My wife comes from Tasmania, a weird and wonderful island off the southern tip of Australia. It has some of the slackest planning provisions in the Southern Hemisphere. As a result, when her friends there build their houses, they invariably do so without the input of an architect or interior designer.
The results inevitably suck. You have staircases in the wrong places, and, in one drastic case, a downstairs lavatory off the main dining room. This house has had a lot of money spent on it; both the bathroom and dining room have been beautifully done. It's just hard to enjoy dinner when you know someone only a thin layer of plasterboard away is on the crapper. An architect would have ensured that these lovely rooms would stay far enough apart to avoid either impinging on the other.
This is why brand architecture is such an important topic for marketers. It is not related to the strength or weakness of individual brands in a portfolio, it's about how they can be best combined, or kept apart, to ensure maximum impact on the market and maximum value to the organisation.
With all the shenanigans in banking at the moment, brand architecture is set to become an even more important topic. If the cavalcade of distressed banks are not nationalised, they are absorbed by rivals. As brand acquires brand, the challenge of maintaining a strategically sensible brand architecture becomes more difficult. Santander, for example, now has to find a place for Bradford & Bingley's savings business and branches next to Abbey and Alliance & Leicester within its group. Meanwhile, Barclays has to absorb the bits of Lehman Brothers it picked up in the garage sale caused by the US investment bank's collapse last month.
However, the mother of all brand architecture case studies is brewing at Lloyds TSB. Its very name tells you how advanced it is at brand architecture. It is about to merge with HBOS, that other maestro of branding. The result? Well, nobody knows. These deals are done by the finance chiefs and the government; only later do the marketers get to try to make some branding sense out of it all.

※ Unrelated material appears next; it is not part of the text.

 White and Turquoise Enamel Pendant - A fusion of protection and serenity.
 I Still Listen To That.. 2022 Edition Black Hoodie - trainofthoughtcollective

The less bold option would be to run the banks as separate entities in a house of brands structure. In this scenario, Lloyds TSB's relatively tight brand portfolio would balloon to include Halifax, Bank of Scotland, Birmingham Midshires and Intelligent Finance, plus licensed relationships with Saga, the AA and Sainsbury's. While this kind of structure protects brand equity, employer brand and corporate culture, it makes for very expensive overheads and the kind of super-complexity that got HBOS into trouble in the first place.
A more brutal approach, exemplified by HSBC, is to bundle all the banks into a new entity - one brand offers better strategic focus and more appealing profits. Lloyds TSB's problem is the relative lack of synergy in its portfolio. HSBC spent years acquiring the right banks and building a common culture before merging them, but the shotgun marriage of Lloyds TSB and HBOS is a sudden, incongruous cocktail of different customer segments, contradictory brand positions and contrasting organisational cultures.
Even if Lloyds TSB can come up with an architecture that works, there is still the question of what to call the new organisation. Based on its previous approach, it looks likely that it will follow the model beloved of most UK ad agencies: just keep adding names. We might soon see a bank with a brand based on the ridiculous conflation of Lloyds TSB Halifax Bank of Scotland.
Or LTSBHBOS for short.
- Mark Ritson is an associate professor of marketing and consultant to some of the world's leading brands
30 SECONDS ON ... BANK MERGERS
- The biggest UK high-street banking brands are the product of years of mergers, takeovers and repositionings.
- NatWest, now part of the Royal Bank of Scotland Group (itself an agglomeration of more than 200 banks), came into being in 1970 as National Westminster Bank Limited - the result of the merger of the two biggest high-street banks, the National Provincial Bank, its subsidiary District Bank, and Westminster Bank.
- Lloyds TSB was formed in 1995 by the merger of Lloyds Bank and the Trustee Savings Bank. Its subsidiaries include Scottish Widows.
- Barclays & Co was formed by several banks in London and the provinces in 1896 as a joint stock company. It grew significantly during the early 20th century, and adopted its present structure following a reorganisation in 1985. Its brands include the Woolwich.
- The Hong Kong and Shanghai Banking Corporation gained ownership of Midland Bank in 1992. The HSBC brand was adopted across the group in 1999. Its acquired brands include HFC Bank.